One thing that Oracle did with their hardware acquisitions is develop the concept of a database appliance. Basically the Oracle database appliance (Oracle engineered systems) provided Oracle customers with a one-stop shop concept; instead of customers having to deal with vendors pointing at each other over technical issues, Oracle assumed that risk and provided comprehensive support and patching for everything from firmware to RAC database patching through ODA patching; unlike Oracle's quarterly security "Critical Patch Updates", ODA patches (including CPU), in my experience, were released at irregular intervals from 6 weeks to up to 5 months.
So my first example was an issue that affected my development ODA. One of the 2 clustered servers would not update. As I seem to recall, it was eventually resolved by replacing a configured parameter that affected ODA's that had undergone a prior bare metal reinstall (done by a predecessor in my role), But when I initially filed the SR, the Oracle Engineered Systems Support analyst denied the ODA bundle patch in question (it may have been 12.2.1.3.0) had been released, demanded to know where I got this unofficial (beta) software, and reminded me Oracle Support didn't support beta software. I got the usual presumptuous lecture (I think it's a script they all memorize) that I need to read ODA master note 888888.1; I knew 888888.1 better than any Support analyst I ever dealt with.
I have no idea how bad internal communications are at Oracle Engineered Systems, but I have no clue how Support engineers were unaware of a released patch. But 888888.1 noted around the transition from 12.1 to 12.2 ODA patching, that client DBA's should identify new versions from release note links on the OES help/home page. [Think that Oracle Engineering would send a new bundle patch alert to their customer distros like for CPU patching? No, that would make too much sense.] (Eventually 888888.1 would be updated to link to the latest patch.)
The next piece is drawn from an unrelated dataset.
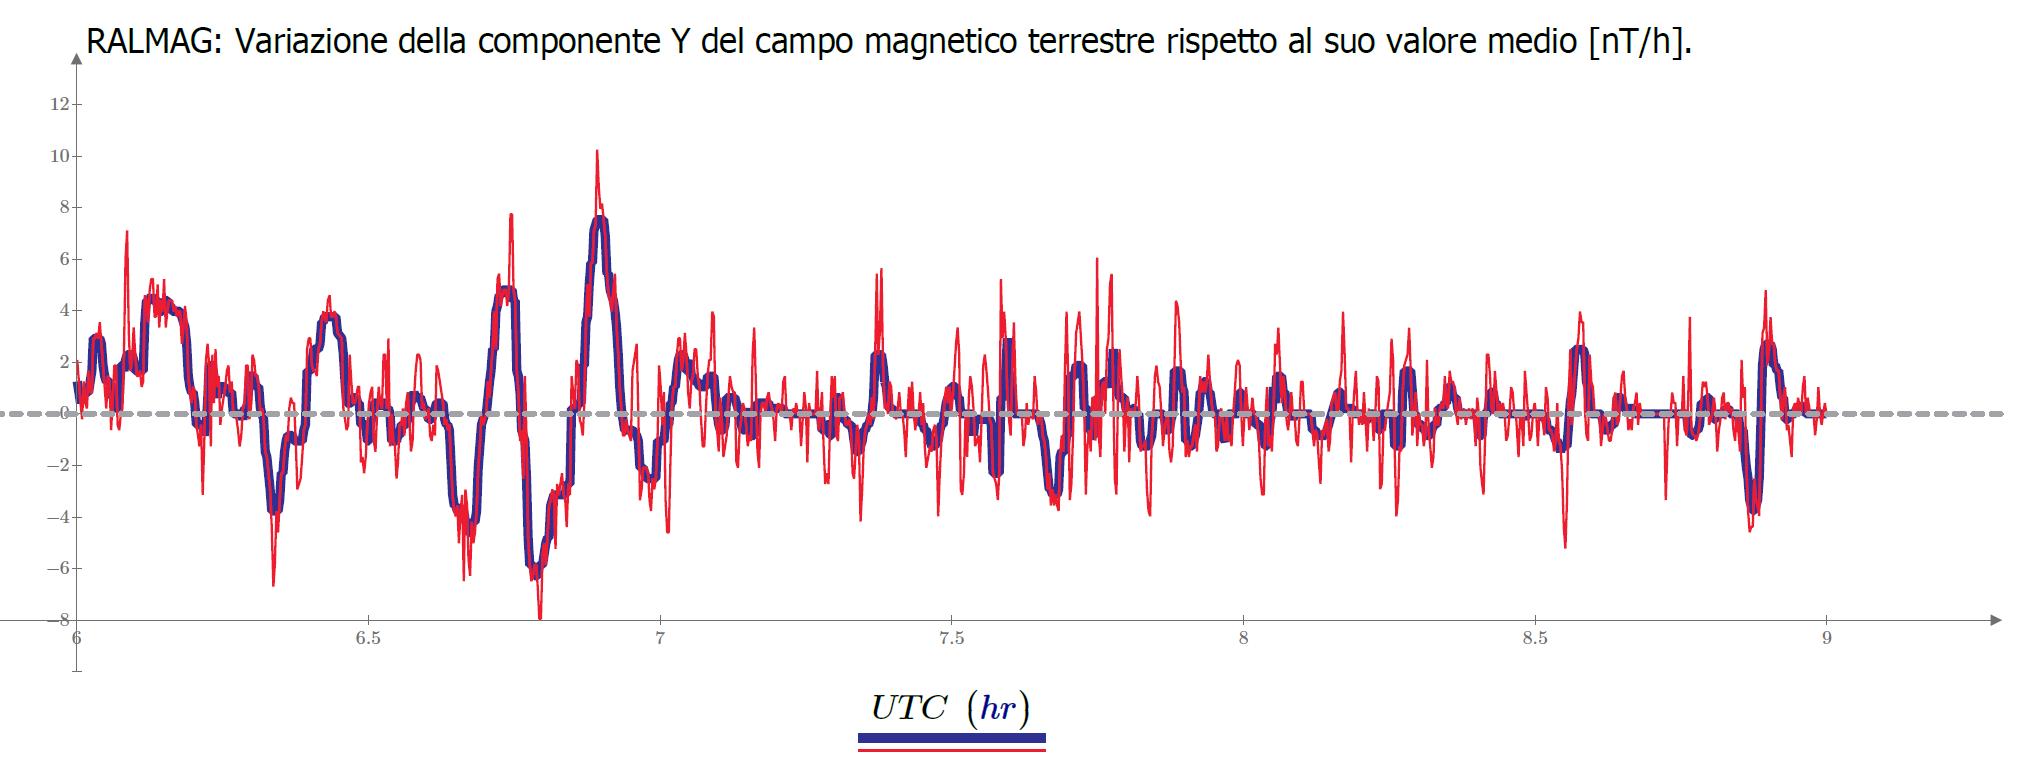 """Variazioni della componente orizzontale Y del campo magnetico terrestre (Est-Ovest) registrate il 23 giugno dal magnetometro fluxgate RALMAG (<a href=""""https://blog.radioastrolab.com/sole-e-geomagnetismo/"""">RadioAstroLab</a> &amp; <a href=""""https://www.facebook.com/groups/108284572529043/"""">Osservatorio Astronomico """"Copernico""""</a>): nelle prime ore del mattino si vedono le pulsazioni continue del campo associate all'anomalia magnetica globale."""

So I patiently tried to walk him through the publicly available release note link to the release notes and the hot link in the release notes to the platform patch download. But there was no reasoning with him; he was in a state of denial. I think I ended up having the SR reassigned. This was embarrassing for Oracle because you can't explain away that kind of incompetence.
The second example requires knowledge of an overview of ODA patching from the original OAKCLI (command line interface). There is an unpacking operation of the ODA patch from typically 3 zipfiles to local root-accessible directories. Then one basically does version updates of up to 3 components: system, storage, and database.
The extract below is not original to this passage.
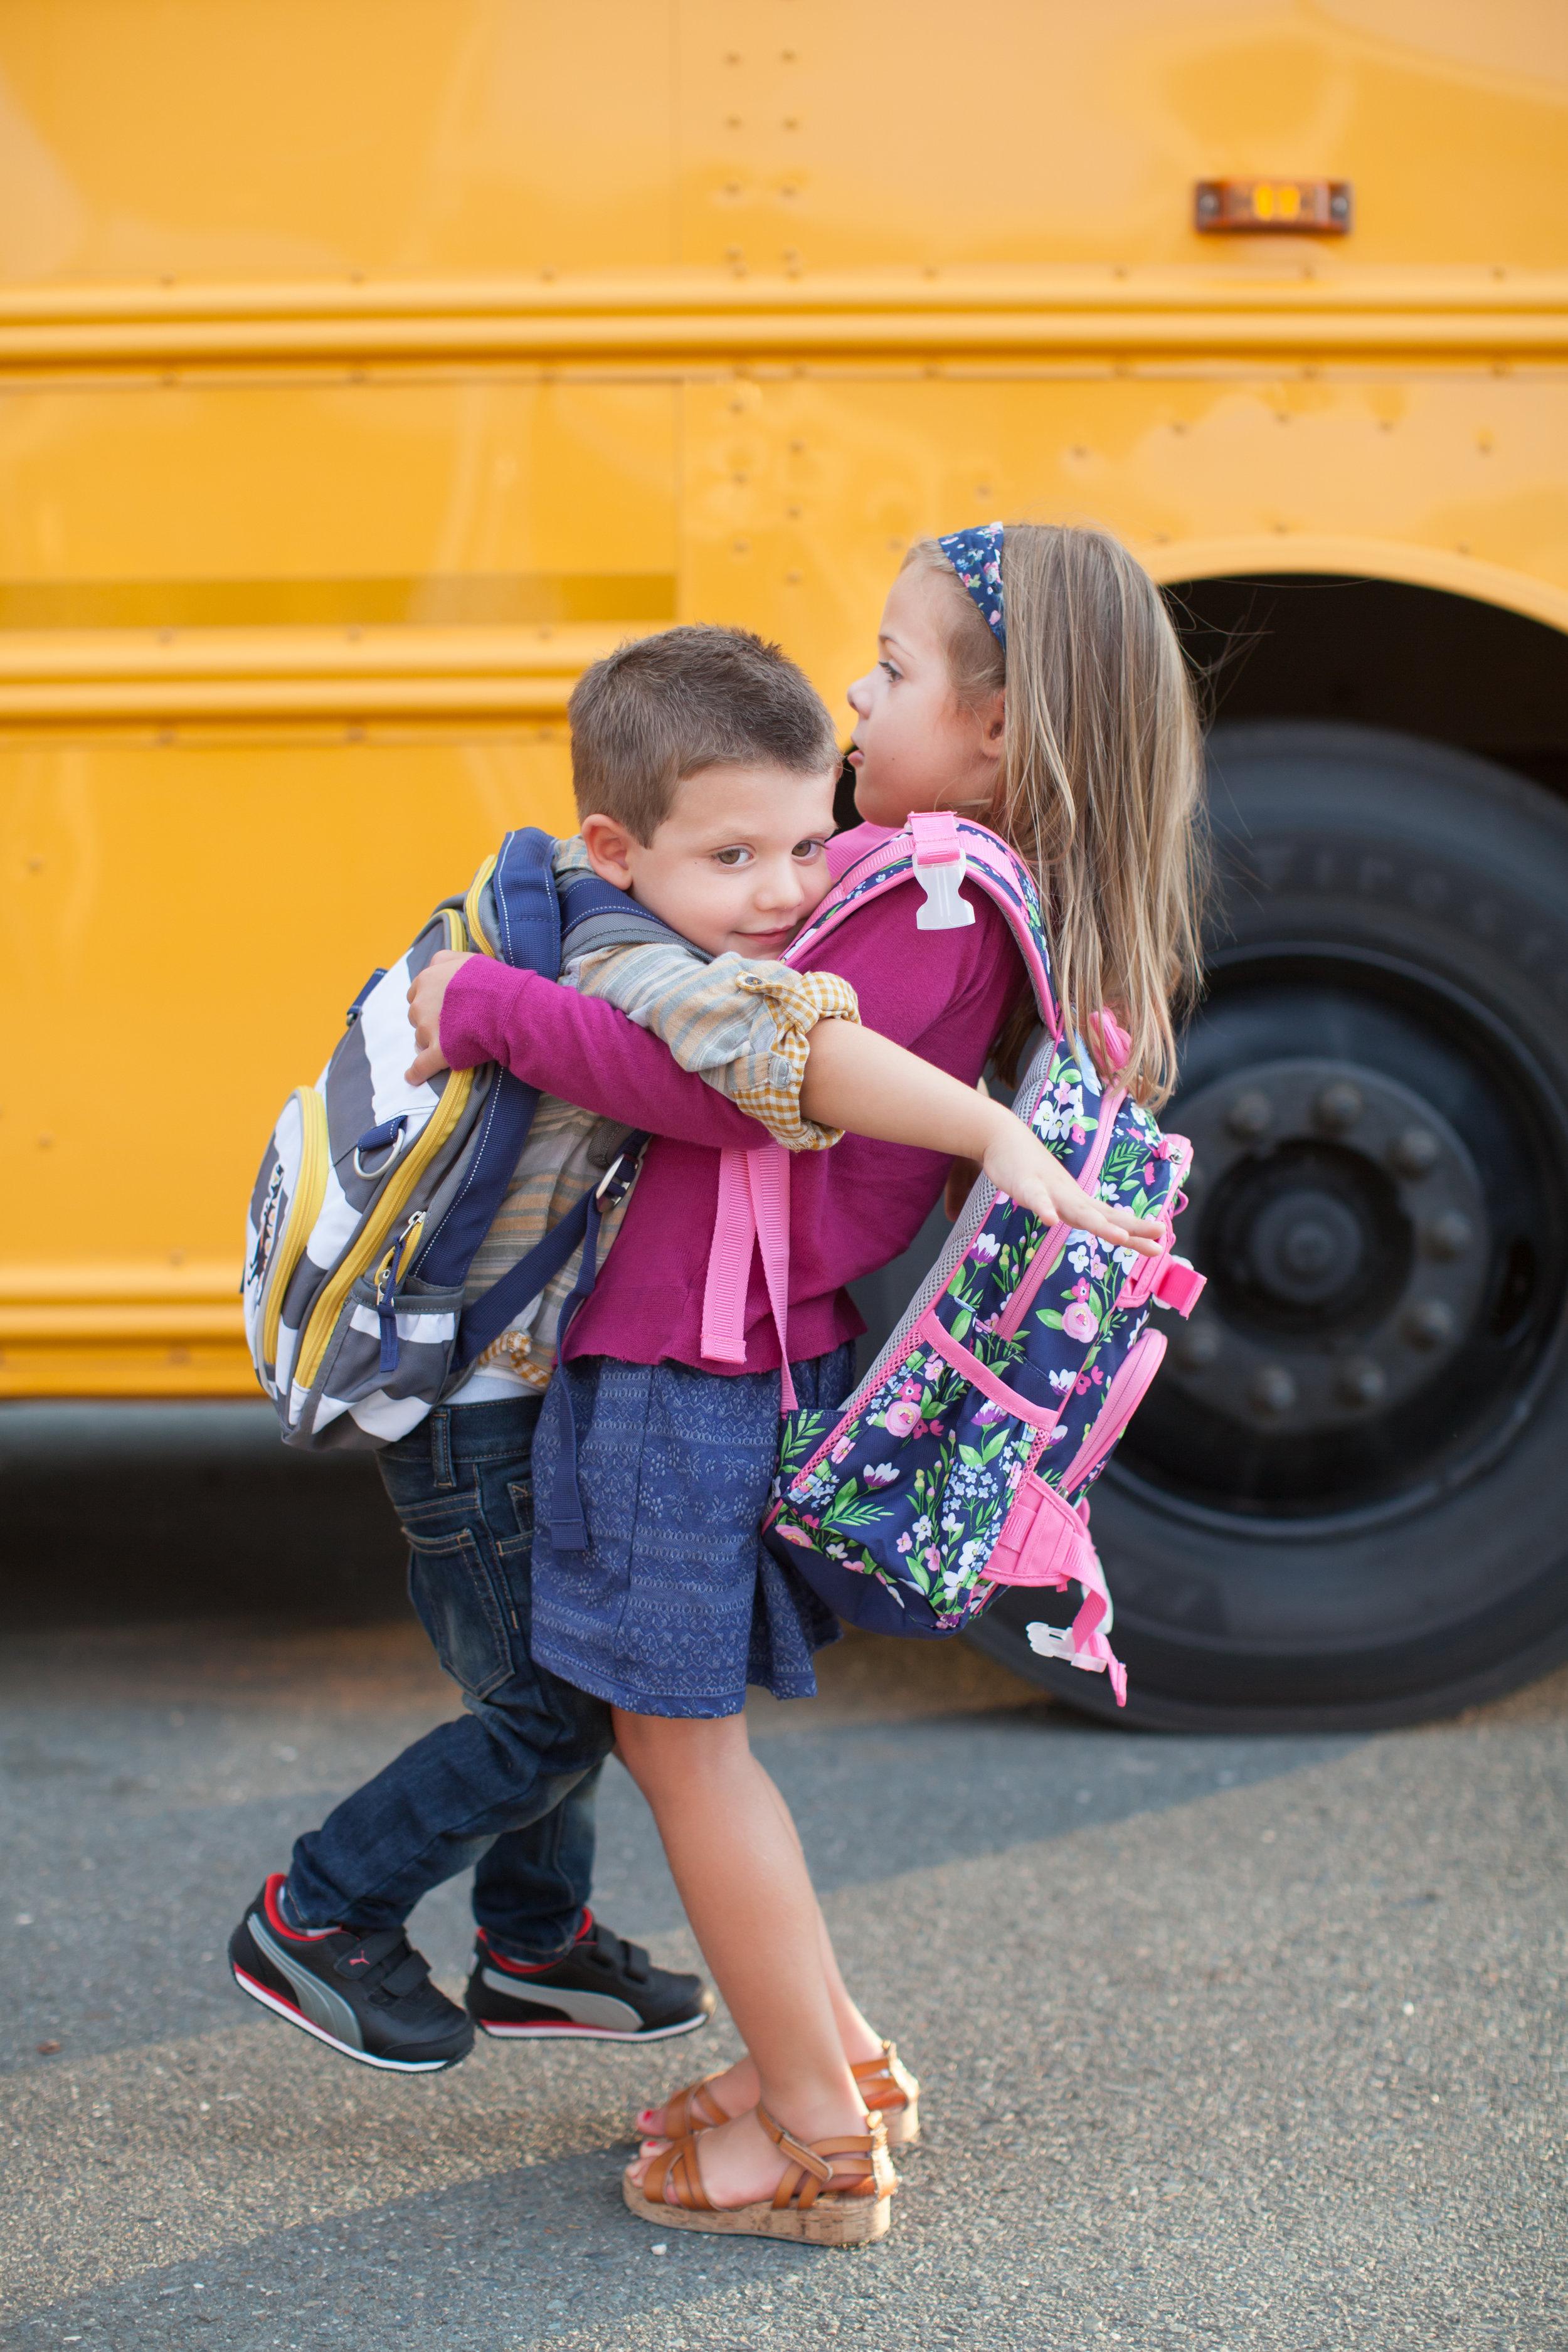 Kaczmarski Back to School 2016-4891.jpg

So there was no 12.2.1.5.0; we had to go from 12.2.1.4.0 to 18.3. This was a major change in ODA patching for my version ODA: we would be transitioning from OAKCLI to the DCS model with an ODACLI language during the system component upgrade. The documentation then outlines (supposedly) the process of using ODACLI to patch the storage and database components.
It turns out that there's a separate zipfile/"updating the repository" [unpacking] step for the database component. And the DOCUMENTATION STOPS THERE. (The last time I checked a few weeks back they still hadn't modified this.) Conceptually unpacking the software/updating the repository doesn't involve applying the patch. You know, is the emperor wearing clothes? On my own, I discovered the missing piece (a verb to update the database home) using a published OAKCLI/ODACLI cross-reference. I'm trying to explain to the Support analyst: "Dude, my RAC software hasn't been updated from the April to July CPU." I had already filled in the missing pieces. I thought they had a duty to fix the documentation so DBA's following me wouldn't have to resolve the issue on their own. As a documentation guru, I had no idea how they could leave their documentation incomplete during a one-time migration process. This is not rocket science; they simply were too incompetent to fix their own mistakes, even when a customer pointed out the problem and what to do to fix it.